その後勇を含めた研究所の面々は、クラウフェルト子爵家の一員として、ヤンセン子爵の館で行われる晩餐へ招待された。
「そう言えばセル、どうやらお前のとこの騎士や兵士が噂になってるらしいぞ?」
ヤンセン子爵家の当主ダフィドが、食事が一区切りついた所でセルファースに話しかける。
「噂? どういうことだい?」
「カレンベルク家配下のバラデイル男爵家がやらかしたって話とセットで、それを跳ね返したお前んとこが貴族の間で噂になってるんだとよ。色々あったぞ? 倍以上の魔物を倒した。100そこそこの手勢で夜通し戦い続け1,000体の魔物を屠った。後はそうだな、オーガを魔法1発で仕留めた凄腕の魔法使いがいるとか、メイジオーガの首を刈った凶悪な使い魔がいるとか……」
「げほげほげほっ!!」
噂の後半を聞いて、飲んでいたワインが変な所に入り勇が咽る。
「おいおい、大丈夫か? イサム殿」
苦笑しながらも心配そうにダフィドが尋ねる。
「だ、大丈夫です! 尾ひれが付いた噂にちょっと驚いてしまって……」
アンネマリーに差し出された水をゆっくり飲みながら勇が答える。
「あながち尾ひれとは言い切れまい。2日で都合3連戦してるし、メイジオーガを倒したのも事実だろ? クラウフェルト家の騎士団は精鋭揃いだ、ってな。俺も先日ブルーノのおっさんが謝罪に来た時に聞いて初めて知ったんだがな」
「なるほどねぇ。まったく噂好きな方達だ。それで、ブルーノ・カレンベルク閣下は何と仰ってたのかね?」
「ウチの配下の不手際が、そっちの噂で搔き消されるからありがたい、だとさ。食えねぇおっさんだぜ、まったく……。案外噂に尾鰭を付けたのは、あのおっさんかもな。大貴族ってのは怖いねぇ。転んでもただでは起きねぇ」
首をすくめてやれやれとダフィドが首を振る。
「例の魔法陣のこともあるし、そっちの咽せてる迷い人の事もある。そこへ持って来て今回の噂だ。近々お前んとこは注目を浴びるのは間違いねぇ。何か対策すんなら早めにな。ま、お前の事だから、分かっちゃいると思うがよ」
少し姿勢を正したダフィドが、セルファースに酒を注ぎながら真面目な顔で語り掛ける。
「そうだね……。伯爵領へ行った帰りにもまた寄らせてもらうよ。多分、そのタイミングで色々と話せると思うからさ。それまでもうちょっと待ってくれないかい?」
返杯しながらセルファースが答える。
「ああ。くれぐれも無茶すんなよ? そんで何か楽しいことをすんなら、俺も交ぜてくれや」
かっかっか、と言う楽し気なダフィドの笑い声を締めの挨拶代わりに、晩餐は終わった。
なお、この夜はヤンセン子爵家に宿泊したことで住民の目が無くなったため、ようやく持って来た馬車風呂を使う事が出来た。

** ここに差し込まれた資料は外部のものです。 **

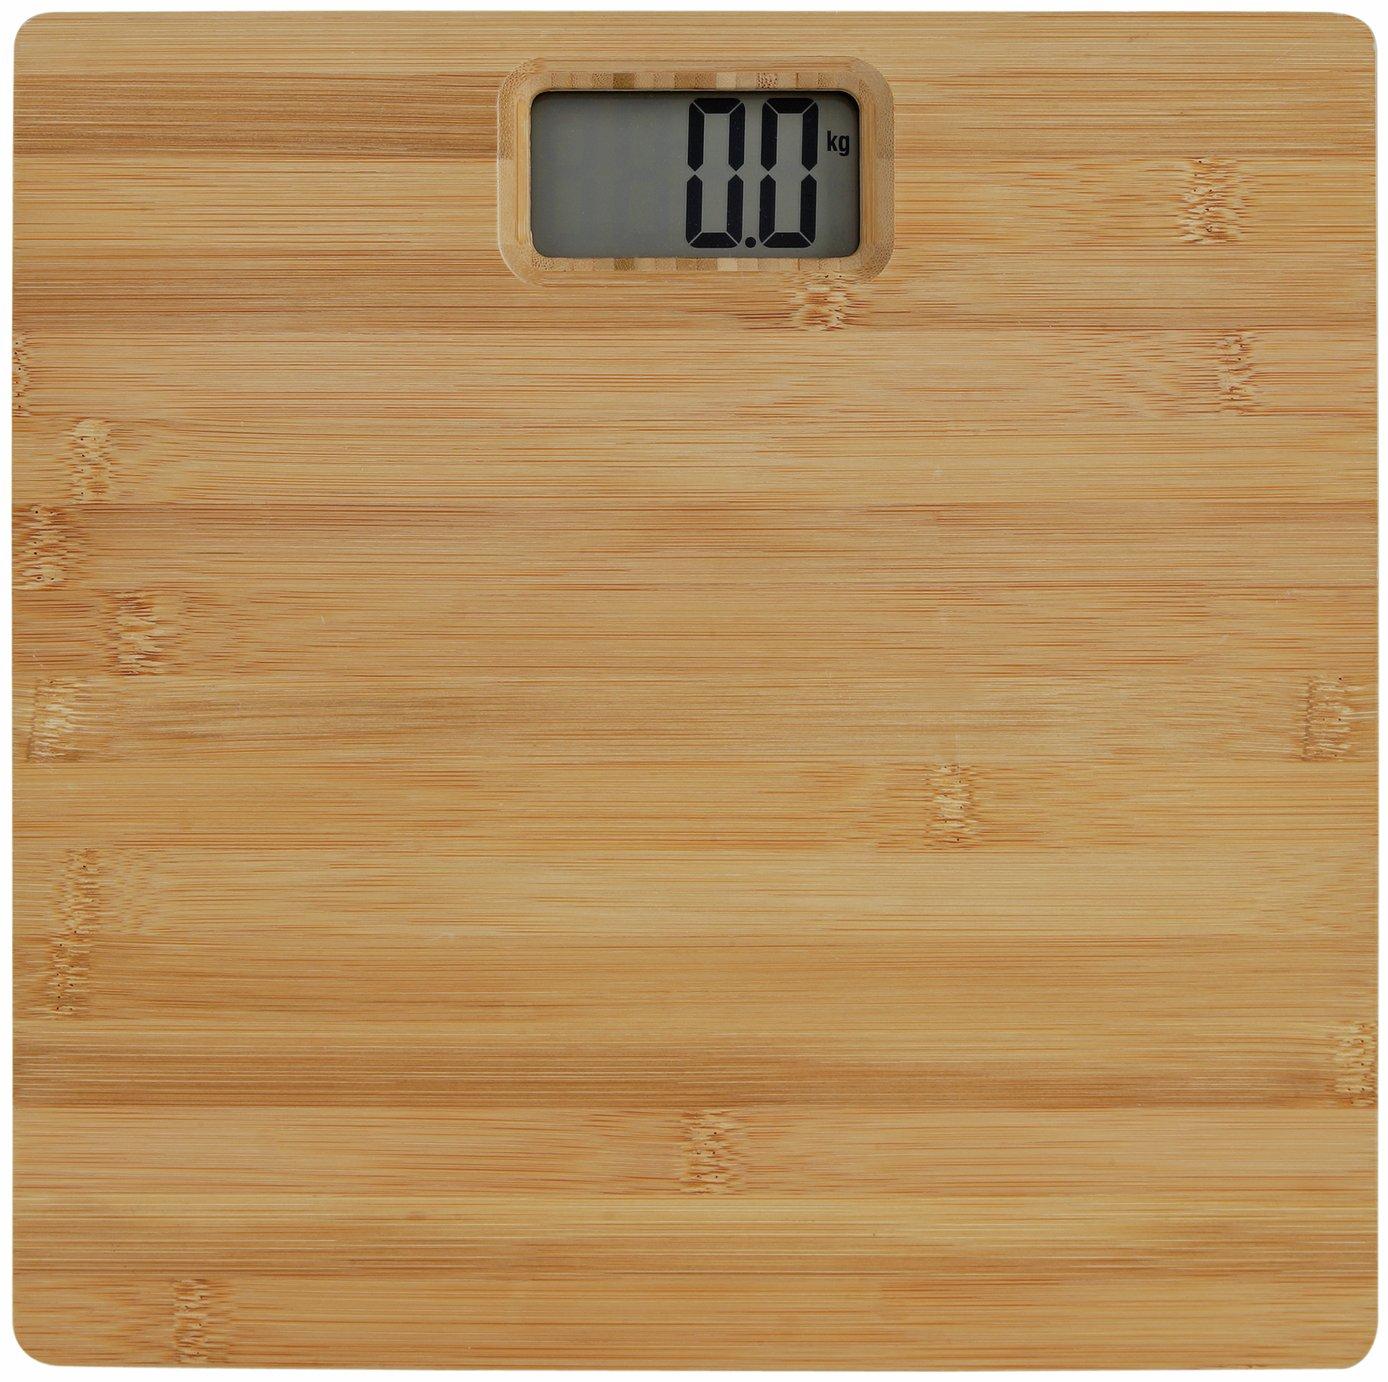 Argos Home Bamboo Digital Bathroom Scales

久しぶりの入浴に、ニコレットとアンネマリーの母娘はご機嫌である。
また、泊めてもらったお礼にと、ヤンセン子爵夫人にも入浴してもらったのだが、やはり夫人も気に入り、是非売ってくれと出発ギリギリまで言われるのだった。
そしてヤンセイルを発って2日後、8の月の24日の夕方前。
ついにカレンベルク伯爵領の領都、ベルクーレへと到着した。